Vaya, vaya, vaya. El Kid tri-bíblico (in remembrance of that shameful episode in GDL) y su séquito pretenden entrar "pisando juerte" en la batalla ideológica con un: "History will teach us nothing". No compadritos, su fortaleza no radica ahí, tened un poco de 'dignidak' y no hagan de nuex el numerito, por favor. Dejad que los vivos resuciten a sus vivos.

America (sic) enters the fray

... "Hamilton provided the blueprint for US economic policy until the end of the Second World War. His infant industry programme created the condition for a rapid industrial development. He also set up the government bond market and promoted the development of the banking system (once again, against opposition from Thomas Jefferson and his followers). It is no hyperbole from the New York Historical Society to have called him 'The Man Who Made Modern America' in a recent exhibition. Had the US rejected Hamilton's vision and accepted that of his archrival, Thomas Jefferson, for whom the ideal society was an agrarian economy made up of self-governing yeoman farmers (although the slave-owner had to sweep the slave who supported this lifestyle under the carpet), it would never have been able to propel itself from being a minor agrarian power rebelling against its powerful colonial master to the world's greatest super-power.
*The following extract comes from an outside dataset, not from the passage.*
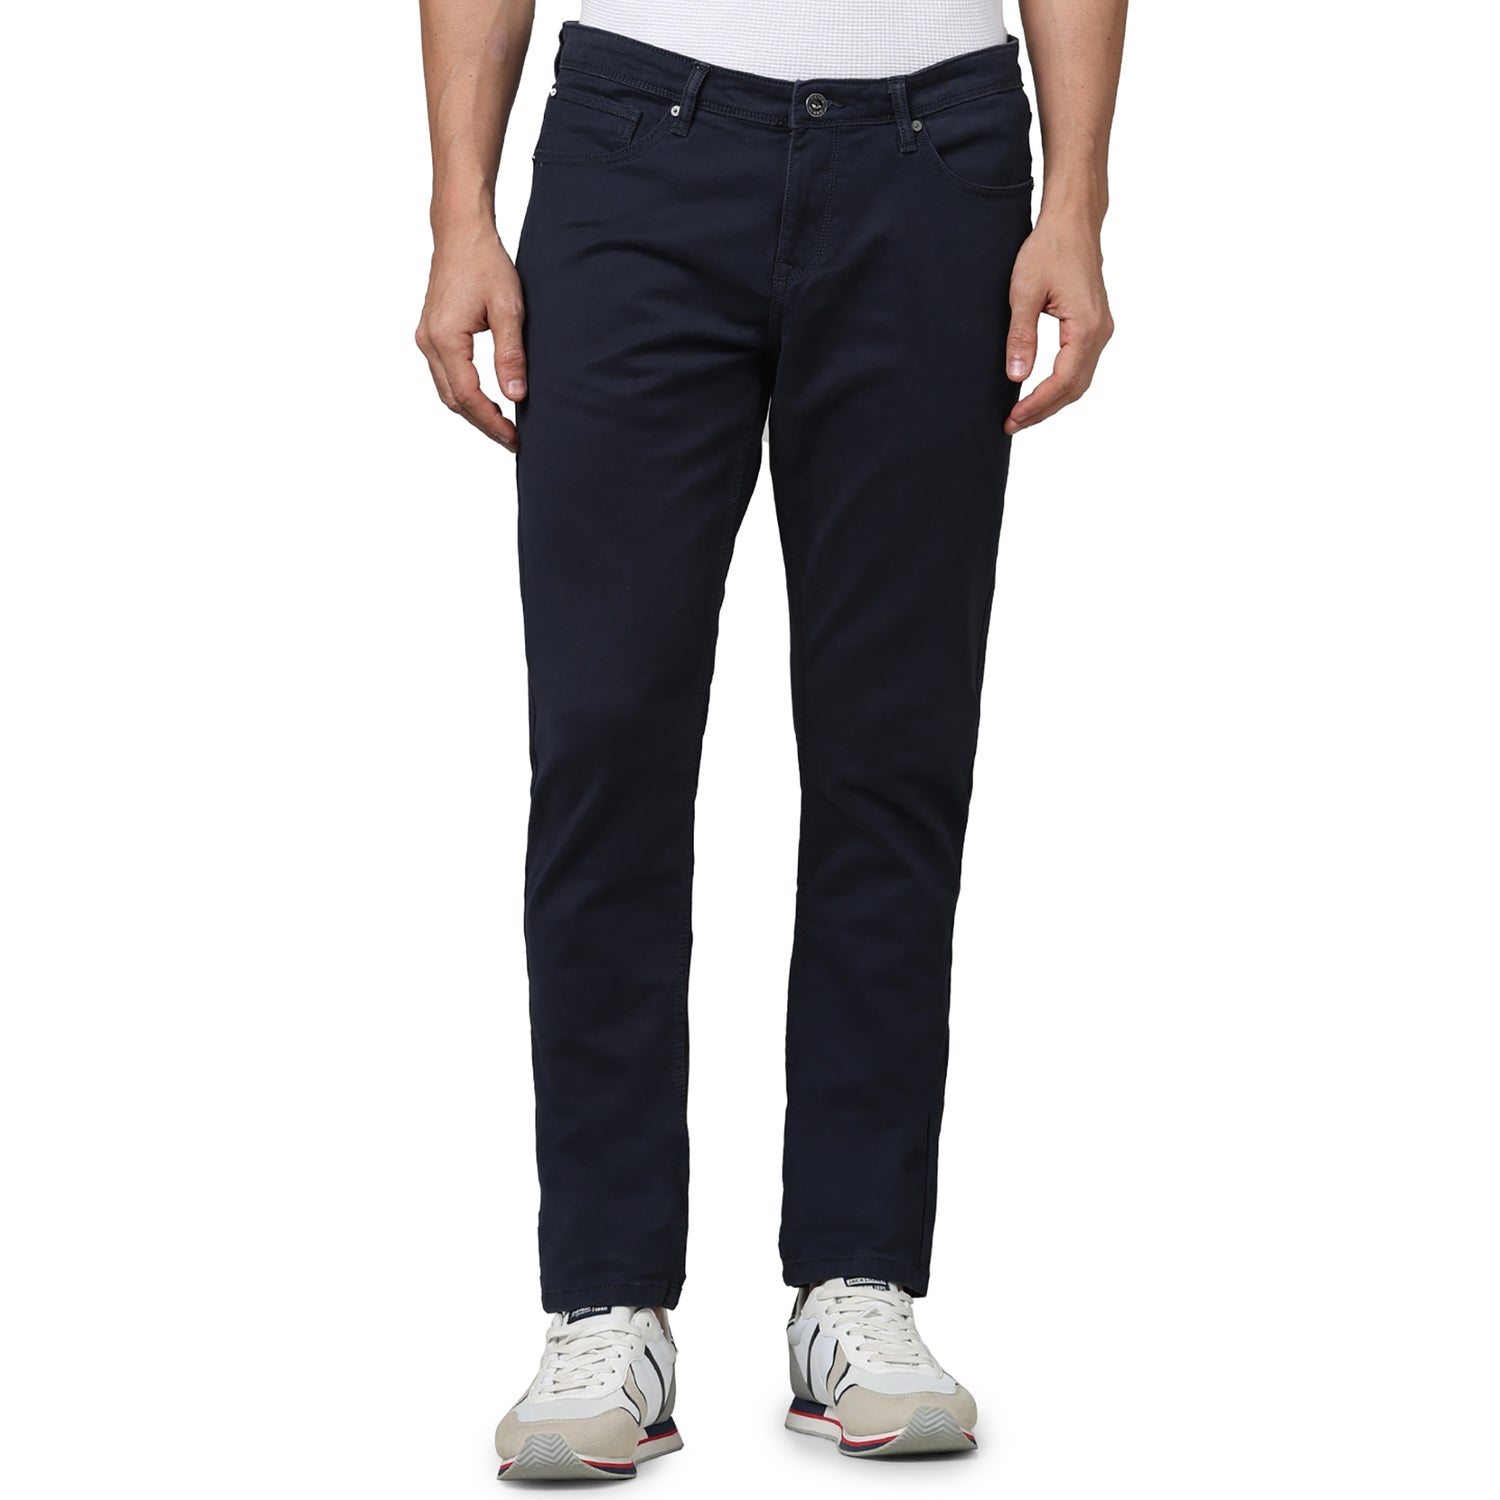 Men's Grey Solid Slim Fit Cotton Knit Denim Jeans (GOCOLKNIT25)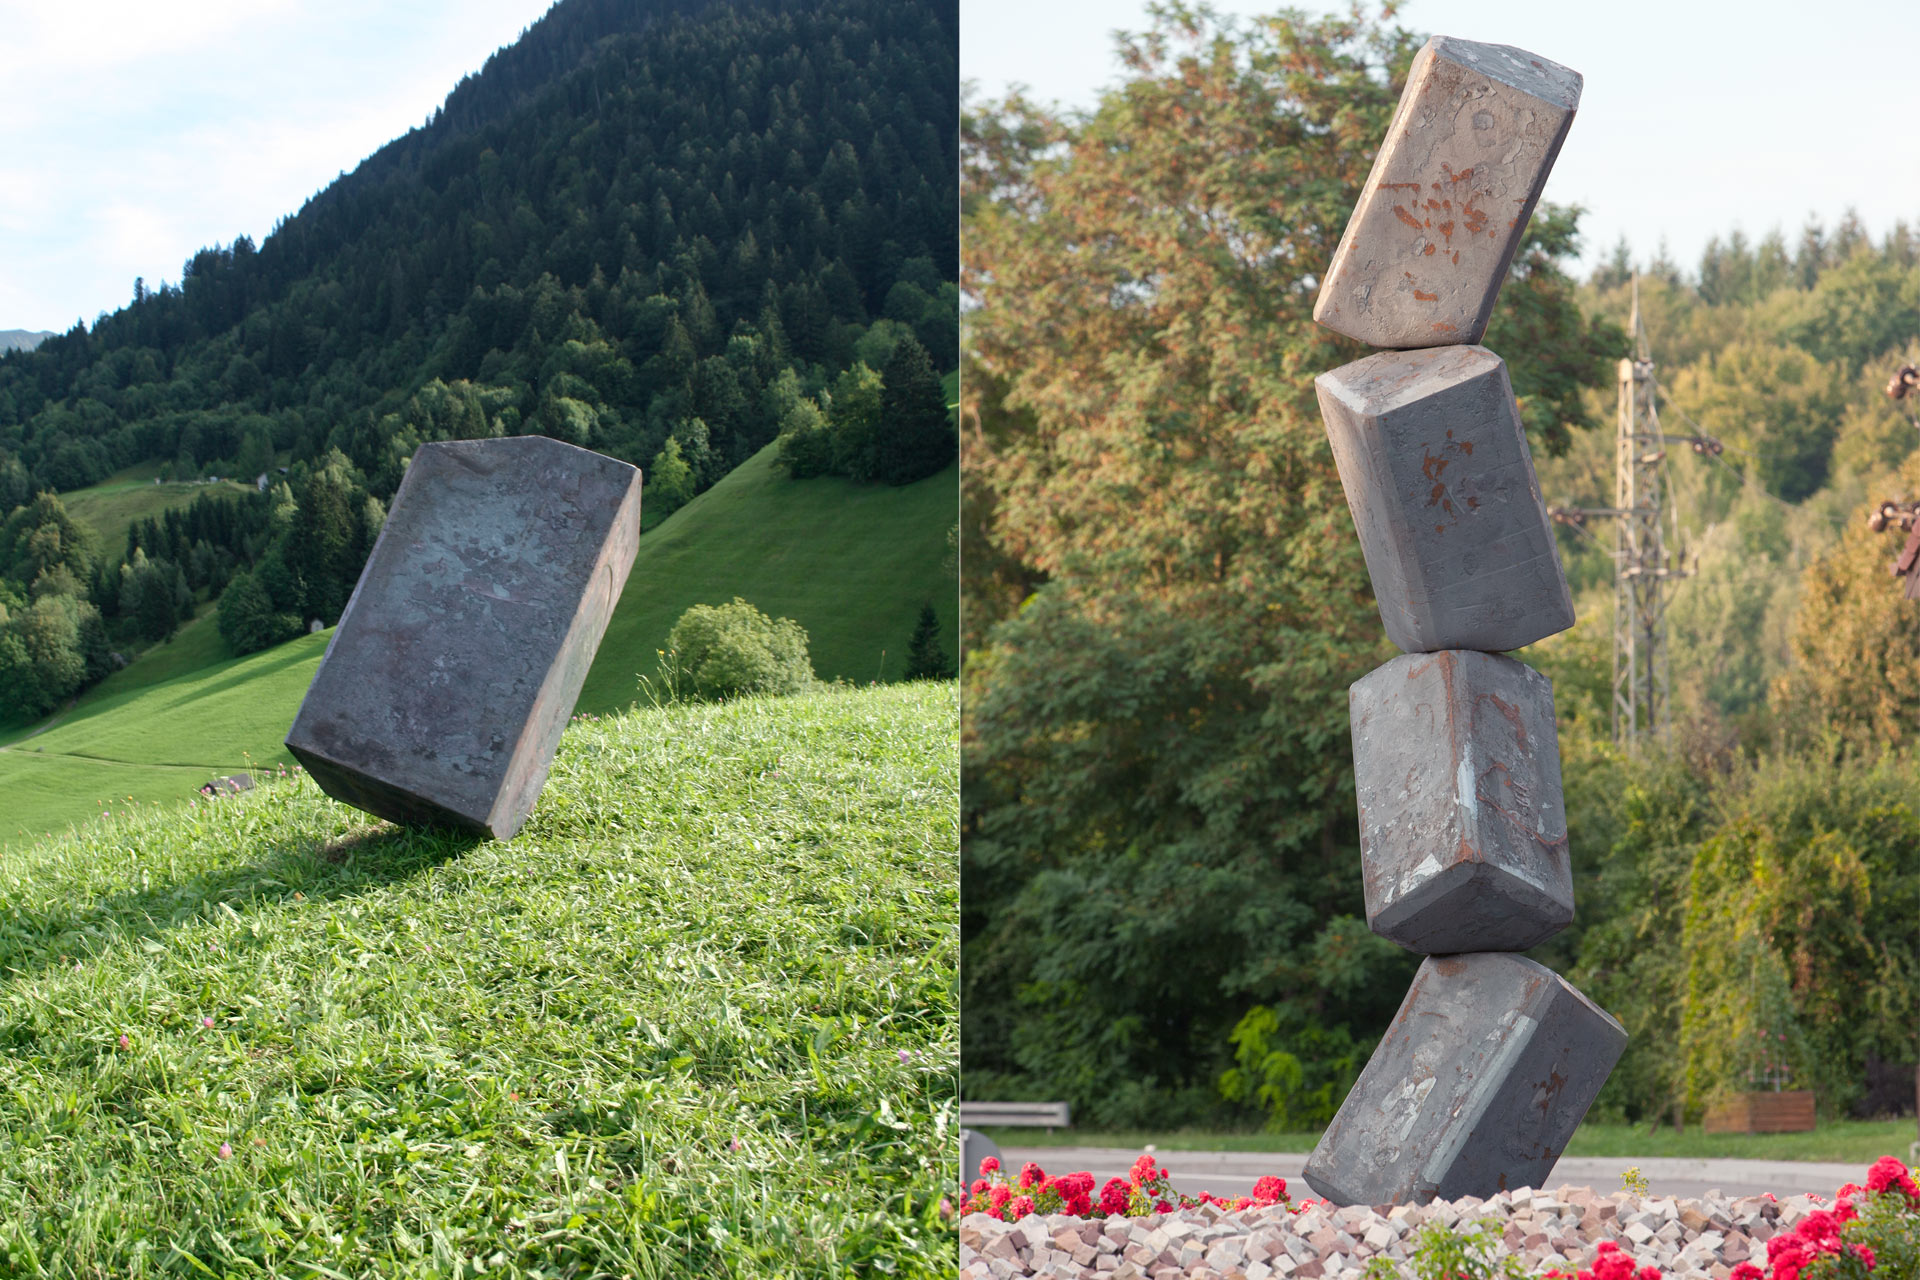 Polyhedron Gurtis (left) / Polyhedron in Pfinztal-Kleinsteinbach (right) -Forged art from Markus Strieder

Abraham Lincoln and America's bid for supremacy

... "...Historians of the period agree that his abolition of slavery in 1862 was more a strategic move to win the war than an act of moral conviction. Disagreement over trade policy, in fact, was at least as important as, and possibly more important than, slavery in bringing about the Civil War. ...

"...once elected, Lincoln raised industrial tariffs to their highest level so far in US history. The expenditure for the Civil War was given as an excuse - in the same way in which the first significant rise in US tariffs came about during the Anglo-American (1821-1816). However, after the war, tariffs stayed at the wartime levels or above. Tariffs on manufactured imports remained at 40-50% until the First World War, and were the highest of any country of the world.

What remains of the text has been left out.